Она умерла, когда мы спускались по лестнице; до этого она плохо себя чувствовала, и я решила отвезти ее на такси к себе. Внезапно она упала и умерла прямо у меня на руках. За десять минут до этого мы о чем-то спорили, обсуждали житейские дела, и вот теперь ее не было. Жизнь после ее ухода абсолютно изменила темп. Все вокруг стало существовать как в замедленной съемке. Я не могла и представить, что во внезапности ее ухода, во всем, что последовало после, будет заключено столько смысла. Первые часы и дни я искала ее над собой, вокруг. И не могла поверить в пустоту, в дыру, которая образовалась в пространстве. Одновременно я почувствовала, как где-то совсем близко открылась черная щель бездны, откуда повеяло холодом, и она стала затягивать, как воронка, меня охватывало отчаяние. Оно было тягучим и долгим и никак ни во что не преображалось. Вопрос «где?» был самым главным в эти дни.

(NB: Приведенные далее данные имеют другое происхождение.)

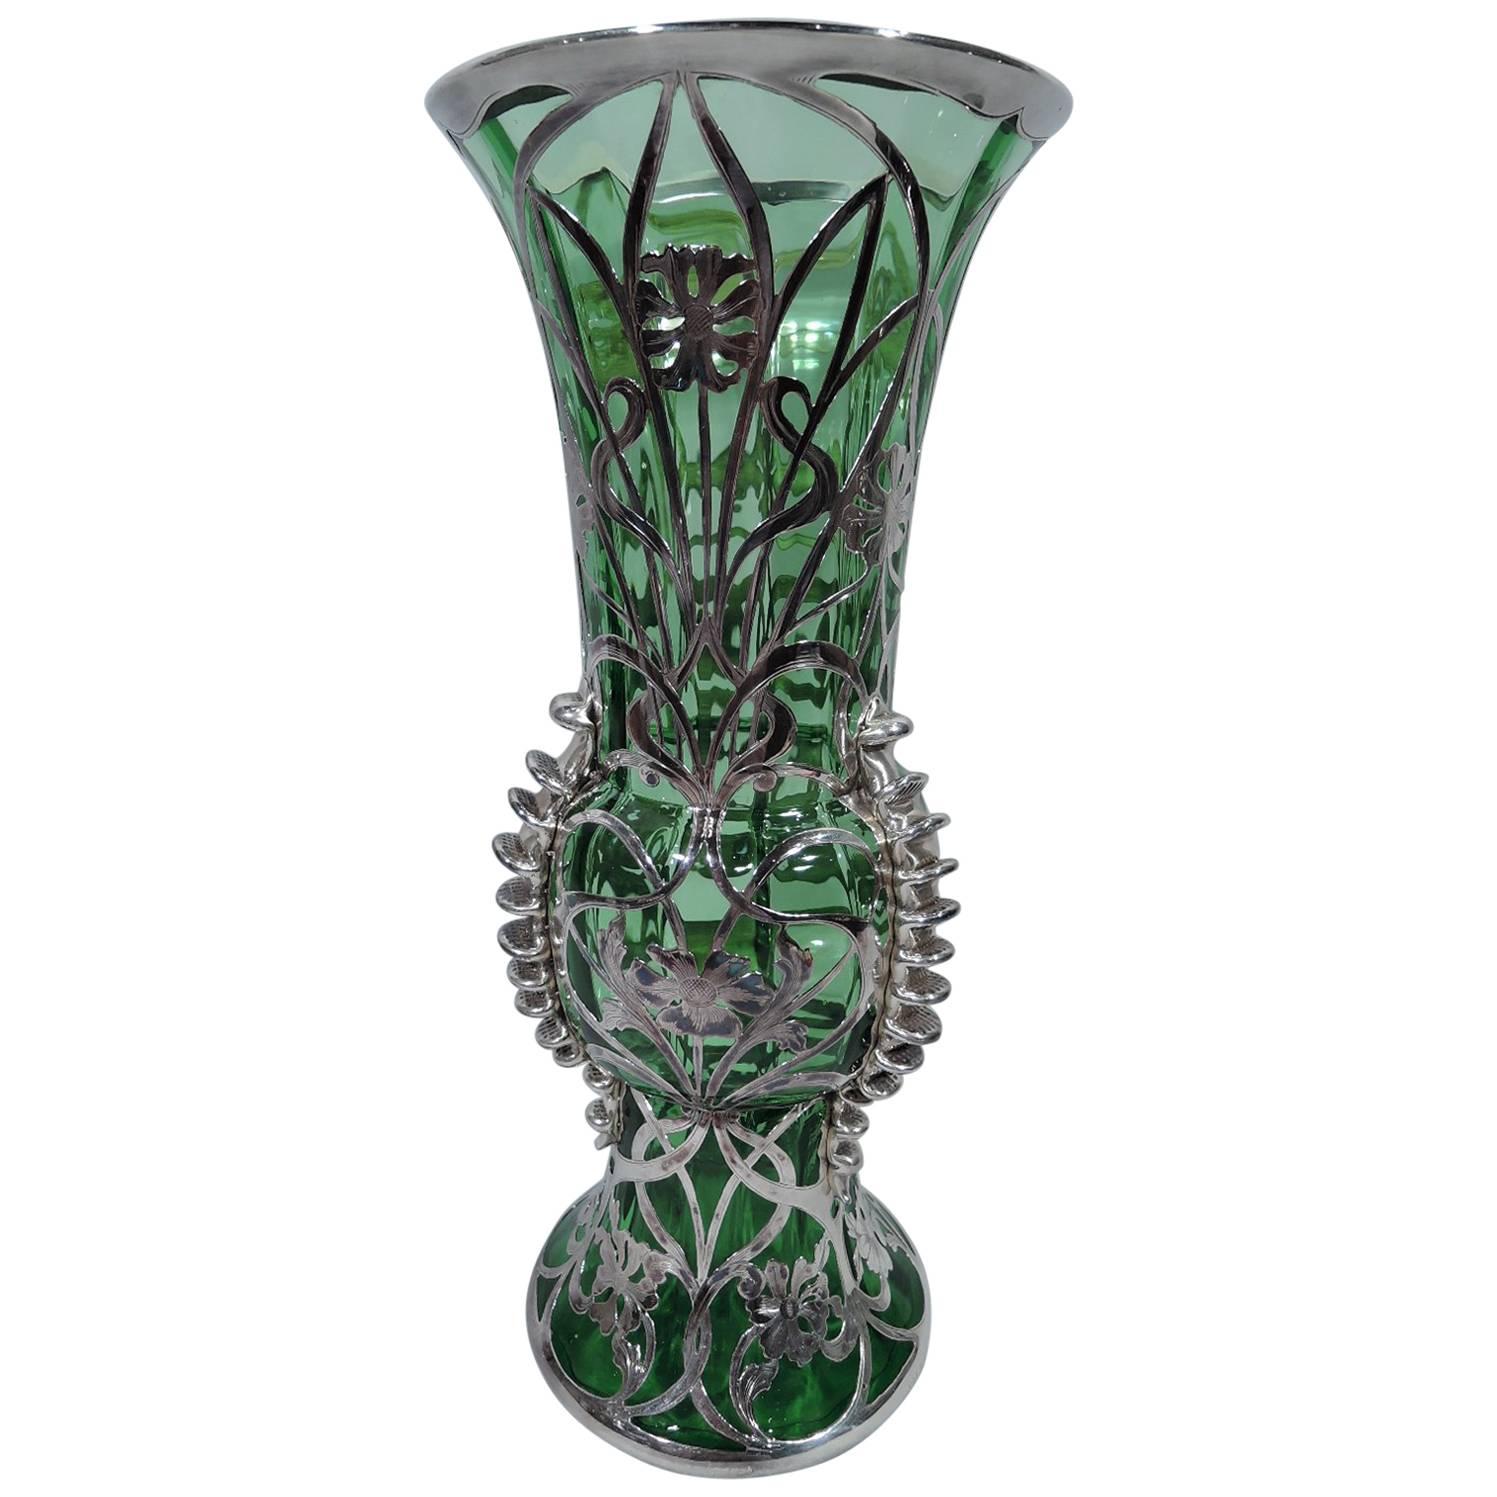 Gorham Tall and Unusual Silver Overlay Green Glass Vase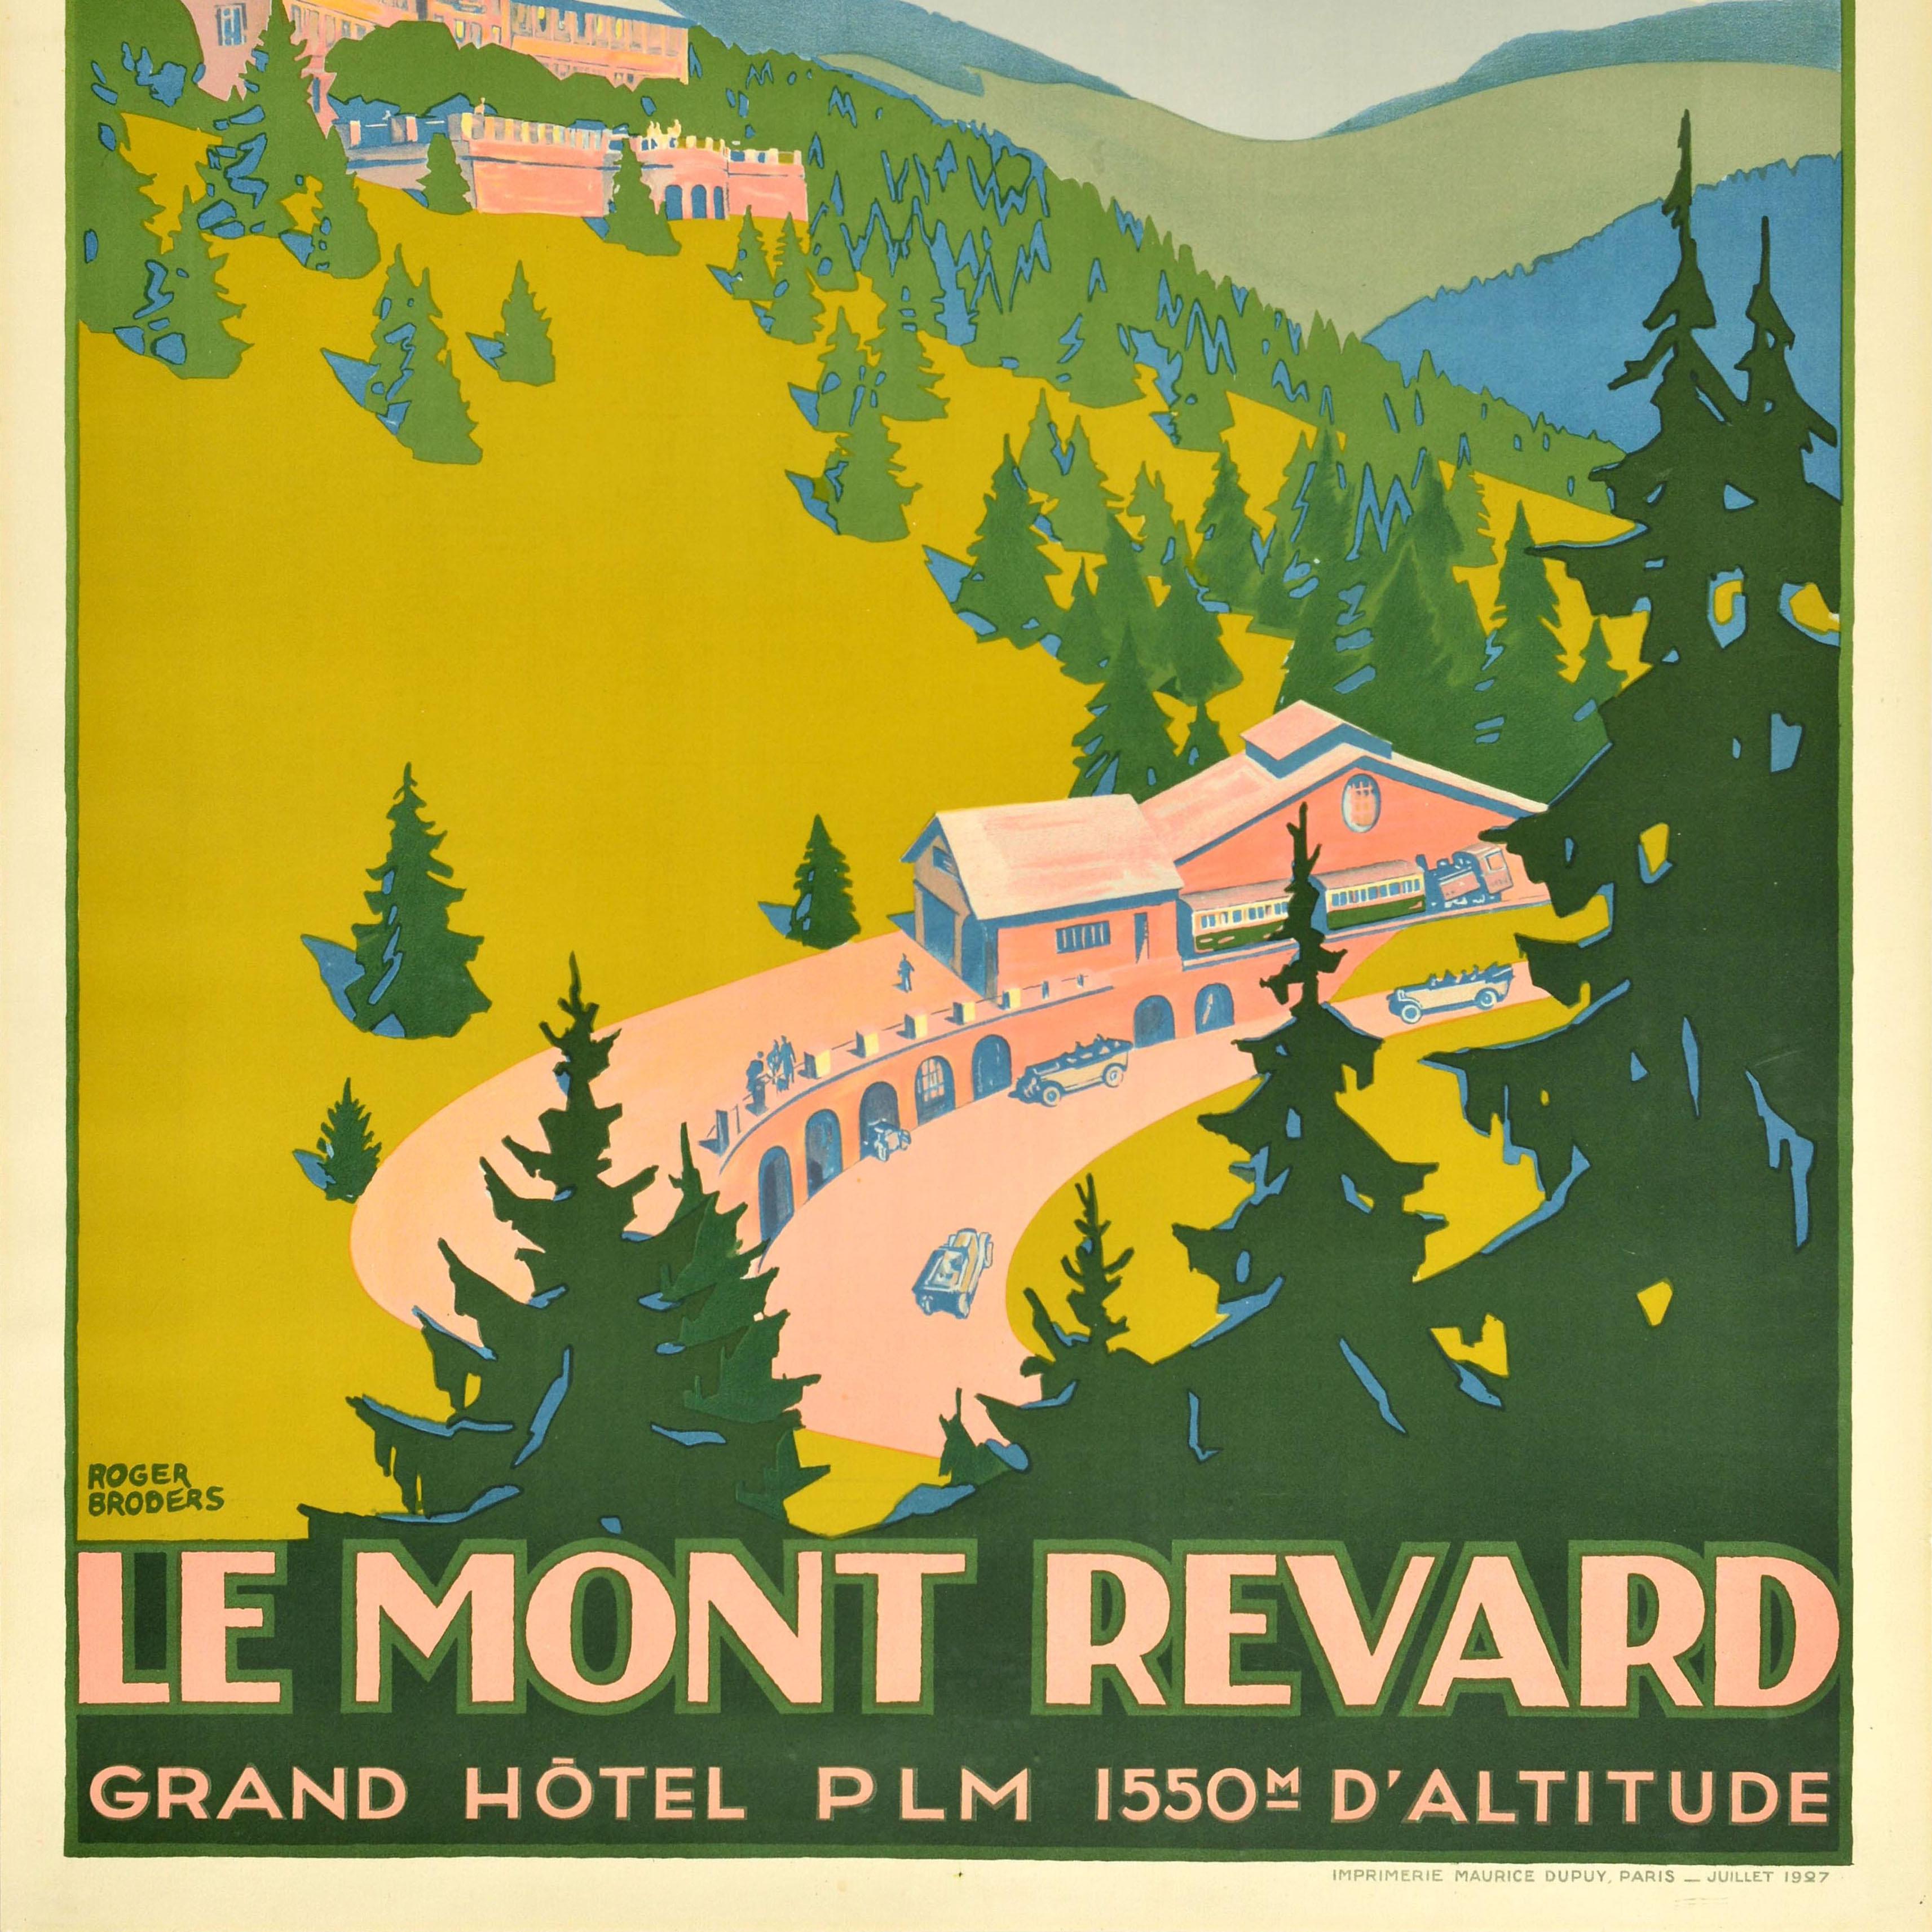 Original Vintage Travel Poster Le Mont Revard Grand Hotel PLM Roger Broders In Excellent Condition For Sale In London, GB

С какого-то времени я стала различать таких же, как я, взрослых детей, потерявших родителей. Я узнавала истории, которые поворачивали ко мне жизнь самой больной стороной, словно это могло утешить. Становилось тяжелее, но мир раздвинулся, он сделался населенным памятью о пережитом страдании.
Мария Иосифовна была очень близко все те дни, недели, месяцы, хотя мы говорили только по телефону. Она вдруг сказала, что когда умер от туберкулеза ее отец, которого она очень любила, то, выйдя на улицу, она увидела, что свет от фонарей стал совсем другим. Она снова и снова расспрашивала и говорила, что со мной случилось нечто нереальное. Но я уже стала заболевать, я плохо всё это воспринимала…
Тогда же случилось еще одно происшествие. В трагический для меня день позвонила Лидия Борисовна Либединская, и когда я полуживым голосом рассказала ей, что произошло, то услышала в ответ:
– Как бы я хотела умереть точно так же, какое это счастье!
На неделю она улетела на Сицилию в театральной компании. Вернувшись через десять дней, вечером легла спать, а утром уже не проснулась.
На это Мария Иосифовна не смогла удержаться и сказала:
– Я всегда знала, что Лидка умеет устраиваться.
Так ушла Лидия Борисовна через десять дней после моей мамы.